And you can actually try to make them the numbers in the market, sell it for 600,000 after agent fees, you'll come home with probably $70,000, right? That is what equity is. That's why it's so valuable. But if you just hold on to the property and in a couple more years, you want to actually do a
equity line of credit, a home equity line of credit where you say, Hey, bank, my house is now worth $600,000. I need $50,000. Can I leverage this house and get $50,000 to start my own business? That is why equity is so important. So yes, your taxes will go up because they fluctuate, but getting home equity is something you should be proud of as a homeowner who wants to buy an area that's not appreciating that defeats the purpose of homeownership.
So here's the question inside of that, right? Because a lot of people will be doing renovations on a home, they're upgrading their home, right? How often is the tax assessor coming, right? Is it every six months? Is it one year, every two years, so that people can prepare because a lot of times people will allocate their budget based on what the property tax is now. Obviously, as you do improvements that will go up hopefully if you're in the right area. How often is that guy or that woman coming?
They don't actually come out to your property. They look at what has been sold in the area. So you're thinking about a tax assessor. It's all digital. They're just looking at what has been sold in the area. So if your neighbor sells their property and they did some upgrades, it's going to affect you.
And they're going to look, oh, so this house actually just sold for 700,000. We have no idea what you did inside of your property. But what we're going to do is say, now this area, now this entire area is worth this dollar amount. So when these things happen consistently, the only time someone is going into your property and I don't want to get too ahead of the game is when you get an appraisal.
You guys know what an appraisal is. So an appraisal will go into your property when you're ready to sell your property. Or as a home owner, if you're a home buyer, if you're ready to buy a property, your lender will not give you any money. There is no lender in the United States of America that will lend you money without you getting an appraisal.
An appraiser was a third party company, so no, you can't just say I'm calling my friend. That's an appraiser, and they're going to come out and tell me what this house is worth. That's not how it works. A lender will assign an appraiser to your actual file. The appraiser goes out and they will compare the condition of the property that you're interested in purchasing to three other properties that have sold on the market.
When you get your appraisal back, they're going to measure the square footage of the home. They're going to look at the condition. They're going to look at market conditions. And then they're going to tell you, if you let's say you place an offer on the house for $500,000, the appraisal is going to say, hey, this house is worth $500,000, which is great. Or they're going to say, hey, you got to deal. This house is worth $550,000. That means you have instant equity. Or if they come back and say, this house is only worth $475,000.
Let's just say that does happen. That means it's coming in below the actual price that you said you would purchase it for. That is your agent's responsibility to submit an amendment to reduce the purchase price, a copy of the appraisal, and advocate on your behalf to say they're not going to pay the difference, the lender is not going to pay the difference, and I'm only going to buy this property for what it is worth.

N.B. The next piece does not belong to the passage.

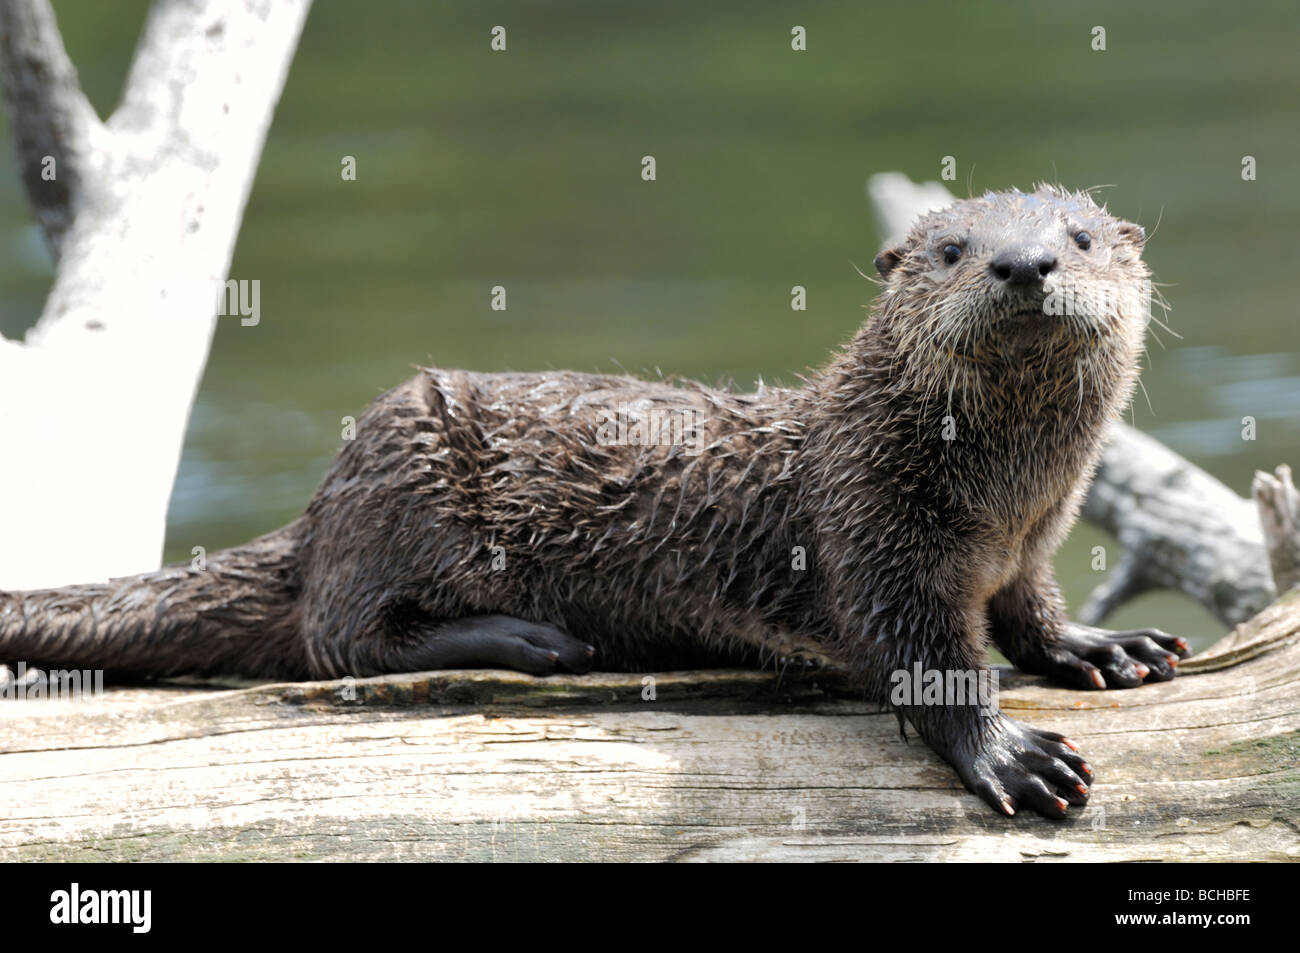 Stock photo of a river otter pup sitting on a log in a lake, Yellowstone National Park, Montana, 2009. Stock Photo

So that kind of leads into why you need a real estate professional. A lot of times, y'all don't understand the contingencies when you're supposed to get money back, what you're supposed to do, and that's what happens with an appraisal. So all of that kind of leads into like your taxes, but to further ask the question, yes, it is important that your home is of praise that value when you walk in. So that way you can have appreciation and equity when you have, in the instance, you're trying to get out of it.

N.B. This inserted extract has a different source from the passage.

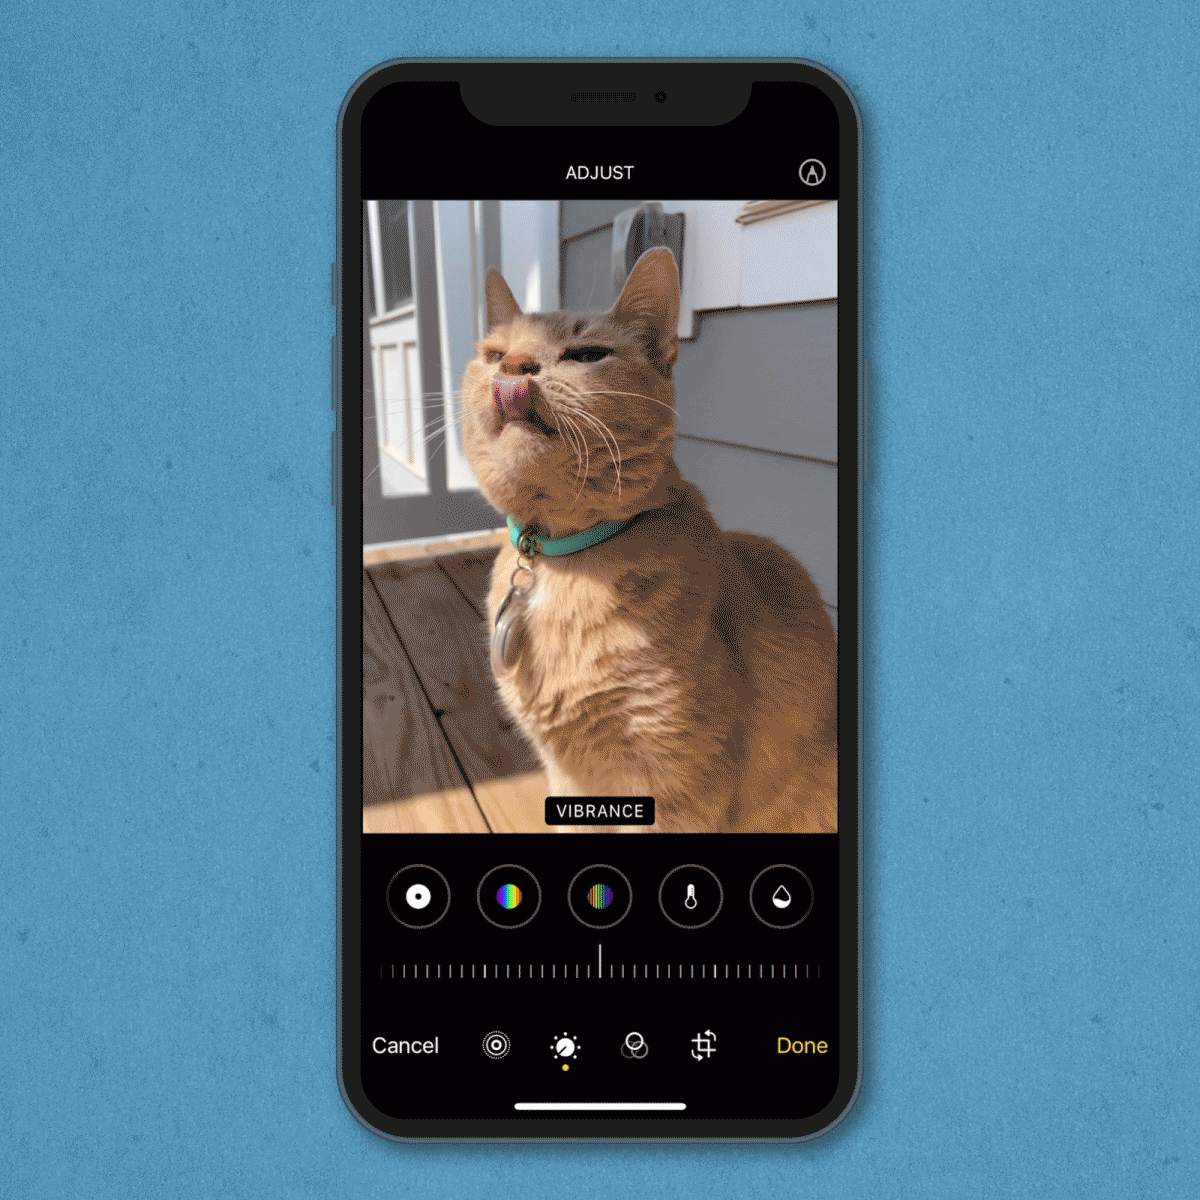 gif showing how to edit a photo's vibrance on an iPhone

Yeah. So let's talk about some of these other fees, right? Cause we know about the mortgage. Some people know about the property tax. We know about homeowners insurance, but there's some other fees that. But wait, but before we go to the slot, so, cause we didn't, we didn't, I just want to make sure people get that the whole thing. So can we go back to the, can we go back to the slot? Yep. So utilities is a big one because this is why a lot of people choosing, you know,
Different type of energy efficient things for their homes and act that could that can save a lot of money, right? And even setting up Utility a lot of times can is as a process water gas or type of stuff and then of course the homeowners insurance But the homeowners insurance is vitally important now, especially you look at California fires. You look at Florida. You look at floods. So okay
The taxes, we just talked about that. That's important. The mortgage is pretty going to be straightforward as far as on the bank side. You should understand those terms. But there's homeowners insurance and the utilities. Can you talk about that? Because that's something that people will need to really have an understanding of what they're getting themselves into before they actually get the home.

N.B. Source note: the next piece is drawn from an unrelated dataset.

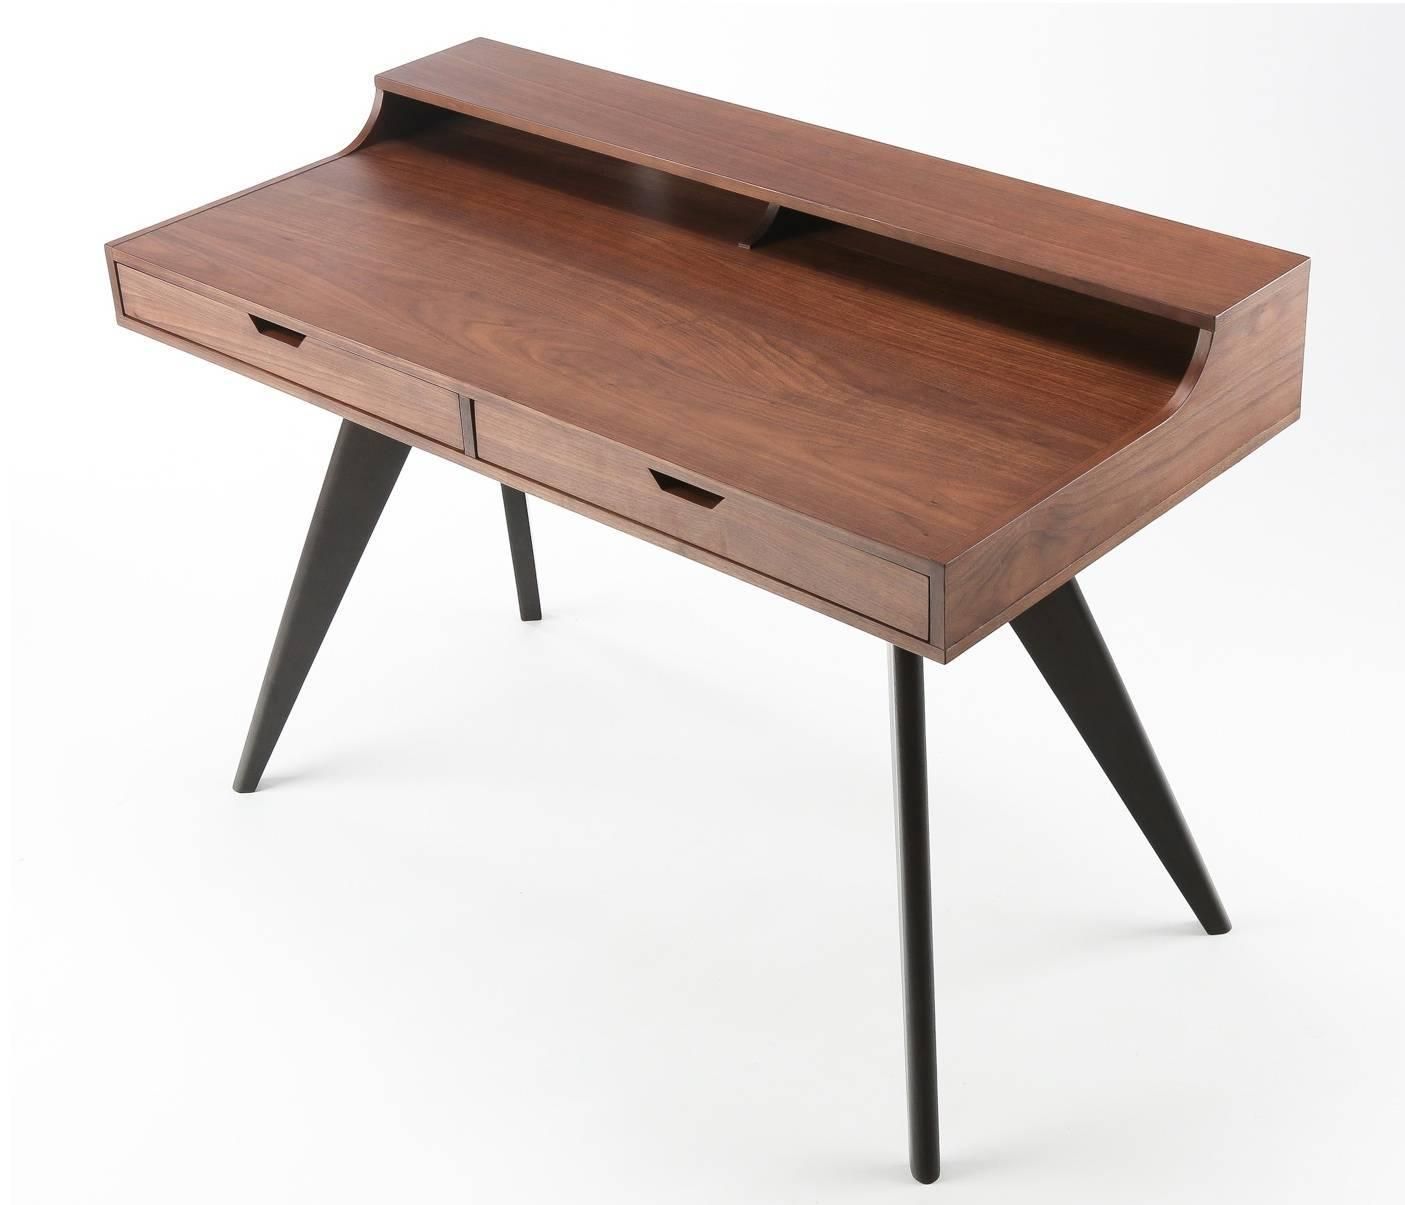 Contemporary Walnut And Wenge Veneer Writing Desk With Two Drawers At Regarding Glass And Walnut Modern Writing Desks (View 8 of 15)

Absolutely. So let's jump into utilities. If you're looking for a single family home, it would be ideal. And I want you to write this down. Oftentimes, agents don't do this as the previous homeowners provide you with a statement of what their utility bills are. What are they're paying on average for their light bill? What are they paying on average for their gas bill? Those are two controllable expenses that you don't really consider when you're buying a home. Why is this important?
Let's just say you're buying a 5000 square foot home on a basement. And you're coming from a two bed room apartment that's maybe 1300 square feet. The difference in the amount of heat that's required to heat that space, the amount of HVAC that's required to cool that space, it could be almost the cost of
It could really be thousands of dollars. So while you're out here assessing what your expenses should be, ensure that you get that information from the current homeowner before making your purchase. So utilities are such a big deal. And then when we talk about homeowners, homeowners association fees,
So you guys are in New York. So a lot of times you guys are buying, not y'all. Cause you know, you deserve to be rich. But a lot of people are buying condos, townhouses, things like that. And there are a lot of times those fees are included. So you get into an HOA, they'll say, here's an additional, I saw a condo here in Atlanta where the HOA fee is $1,400 a month.
But it includes the utilities and then it includes amenities. So it includes, so it kind of offsets, but you have to understand how that will affect your monthly payment. So HOA fees is a huge deal. I think we get a big like bad rep. I don't want to house in the HOA. It's good to it and it's not so good. The good parts of it HOA is if you are in a neighborhood, a single family neighborhood,
and everybody has to maintain the exterior a certain way, everybody has to maintain the grass, their yards a certain way. It actually helps with your value appreciation. You're going to hear me say value appreciation a lot because I want you to understand that is the number one reason for getting into real estate and owning a property is value appreciation and ownership. That's it. So of course, HOA fees is something you need to consider and see what's included in that. And then routine maintenance.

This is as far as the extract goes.